This resonates a lot. When I was young, I imagined achieving a positive impact early on and then…nothing. I didn’t really have a vision for my 30s and now that I’m “in it” and still feel like I’m trying to walk the path rather than have done everything I dreamed of when young and seeing such a range in my peers and decline in my elders… it’s challenging and unexpected to say the least.
For me, I am trying to embrace learning and the journey more and focus less on outcomes and relative success but it’s easier said than done.
And as someone who is fundamentally ambitious and still wants to make a large positive impact on the world, how do I reconcile that?
This is a lot of half-baked thoughts but to sum it up: I hear and see you.

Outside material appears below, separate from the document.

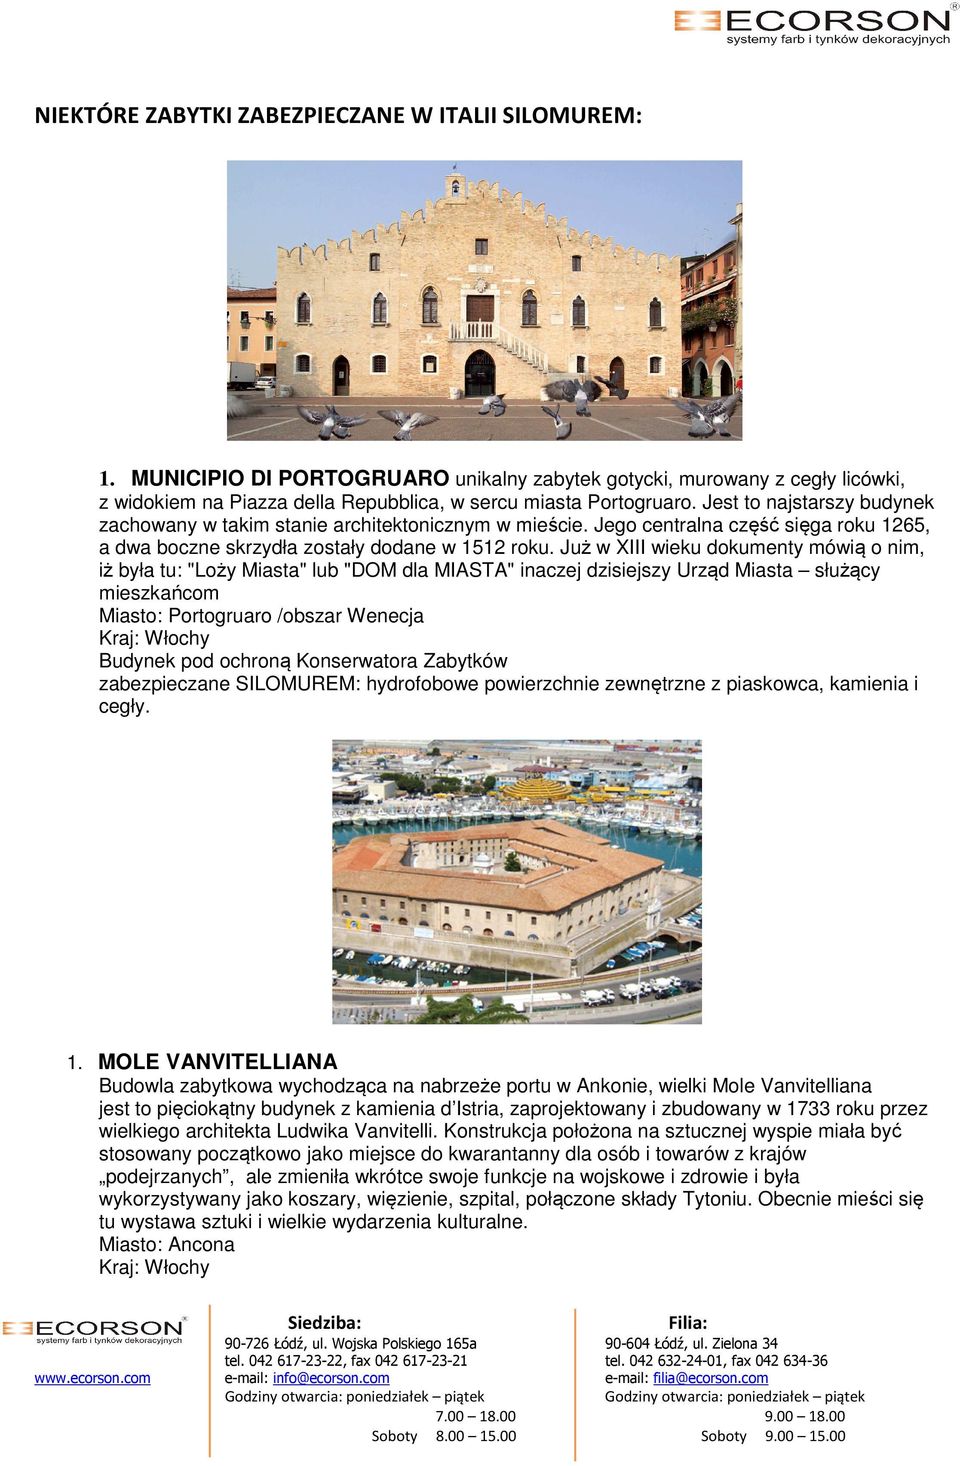 Już w XIII wieku dokumenty mówią o nim, iż była tu: "Loży Miasta" lub "DOM dla MIASTA" inaczej dzisiejszy Urząd Miasta służący mieszkańcom Miasto: Portogruaro /obszar Wenecja zabezpieczane SILOMUREM:

And your words and journey resonate a lot.
I've had this open on my browser for a bit, thinking about how to react to it.
I don't know if you need to hear this, but you are right where you need to be. I understand the desire to compare oneself to others. But I don't know if anything good has come from it.
If you want to spin on your head, go spin on your head. If you want to get married, go get married. We chase our curiosity as life unfolds in front of us.
I got married at 35, and am 39 now getting ready to introduce a baby boy to the world. Definitely later than my parents, and if we're talking peer cohorts, on the later side of that too. I take the good (wealthier, less financial stress) with the bad (I'm going to physically slow down as they hit peak childhood).
Just keep going, even if it means you find your curiosity take you elsewhere.